Rage 2 blade. Haven’t had a deer or bear make it out of hearing distance without hearing a crash or death moan.


----------



## Deer Fanatic (Aug 7, 2018)

DoubleRR said:


> Slick Trick's work just fine on larger animals...been shooting them since Gary Cooper (the original inventor) started manufacturing and selling Slick Tricks...the buck in my Avatar here..a Little Creek buck was taken with a Slick Trick 100 grain Magnum...the Magnum also worked on another Little creek 260 pound 10 pointer.


I have been shooting Slick Tricks for many years. thats the only broadhead in my quiver. My Illinois buck from last year was over 300lbs. I'm shootindg a 50 lb. Elite. 100 grain Magnum-- complete pass through. They are scary sharp and tough as nails.


----------



## trkyhnt89 (Aug 8, 2018)

hoythunter1861 said:


> How’d the slick truck perform on the larger animal? Wanting to do a trip in the next couple years



It's all situational and dependent on shot placement but we haven't had a problem with a slicktrick out west. We had a pass through on a bull at 48 yards behind the shoulders never touched a rib, arrow was stuck in ground behind him, he went 30 yards and stood there pouring blood on both sides.

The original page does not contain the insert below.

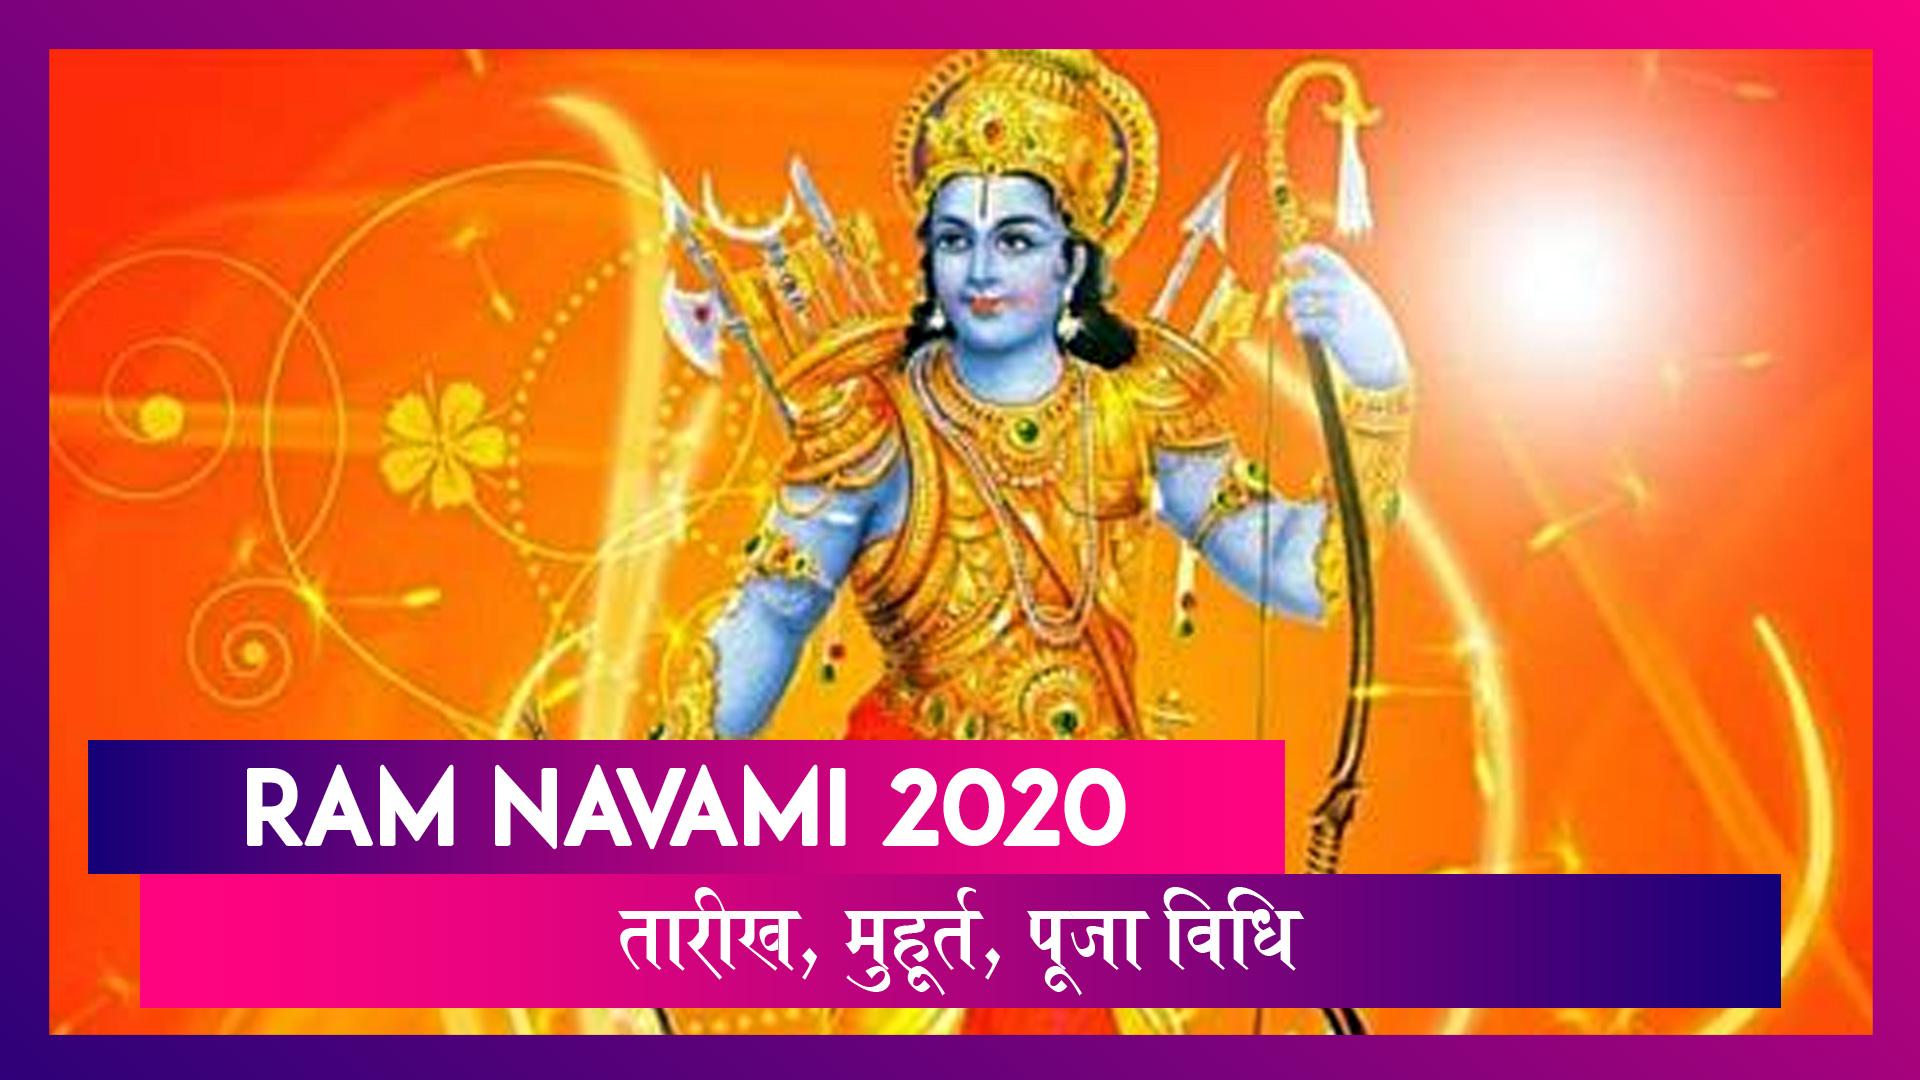 Ram Navami 2020: क्यों खास है इस साल की रामनवमी; जानें तारीख, मुहूर्त और पूजा विधि

 My buddy and I have only killed a handful of elk so I'm no expert but I kept the  thought in my head to not hit them in the shoulder, the lungs are so big you've got a big vital zone without dealing with that shoulder. These little 130 - 175 pound bucks I kill down here in Florida I don't hesitate to shoot trough the shoulders with a slicktrick. Where are you thinking about hunting? 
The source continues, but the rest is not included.